I've been suffering with IBS for about four years now. I have read other people's stories on here and I'm pretty glad I don't have it as bad as some. I was diagnosed with IBS about four years ago when I was 11 years old. My mother finally took me to the Children's Hospital of Pittsburgh after much complaining of nausea and abdominal pain.
IBS has put me through much trouble since then. I was put in the hospital for a full week because I could not eat anything, and when I did eat my stomach would either kill me or I felt like I would vomit. I have been scoped multiple times to check my intestines and have been on several medications that really haven't worked. Laxatives don't really affect me that much unless I take the maximum dosage and stool softeners don't help at all.
I think the most effective medicine I have taken is Zofran. Zofran is used for kids that have chemotherapy. It helps with severe nausea and pain. IBS has also given me panic attacks when I get the pain. I get nervous when I go out to the movies or anywhere where I know I won't be home for a while because I know I will get discomfort.
For a while my IBS settled down but has recently flared back up.

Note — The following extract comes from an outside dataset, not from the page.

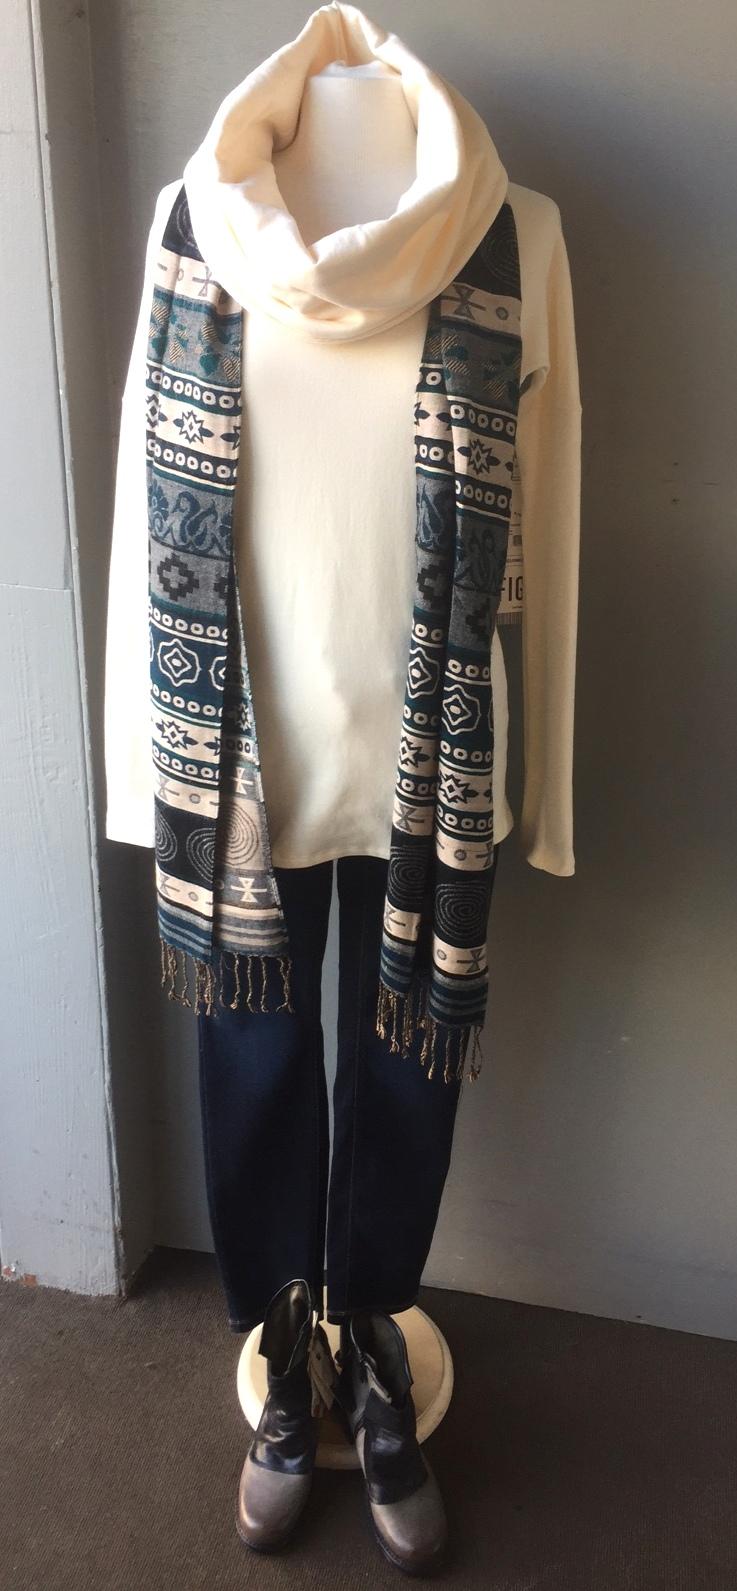 Fig sweater, aventura scarf, Mac jeans and as98 bootsA.jpg

At the moment I look slightly pregnant and the left side of my stomach is bigger than the right. I feel discomfort and I don't even want to stand upright because it puts pressure on my stomach. I haven't gone to the restroom in about five days now and if I do it's not very much and doesn't take my bloating away. I am very thankful for my family and friends for helping me when I get my IBS 'attacks'. I am also very thankful to my boyfriend, who will sit there and talk me through the pain.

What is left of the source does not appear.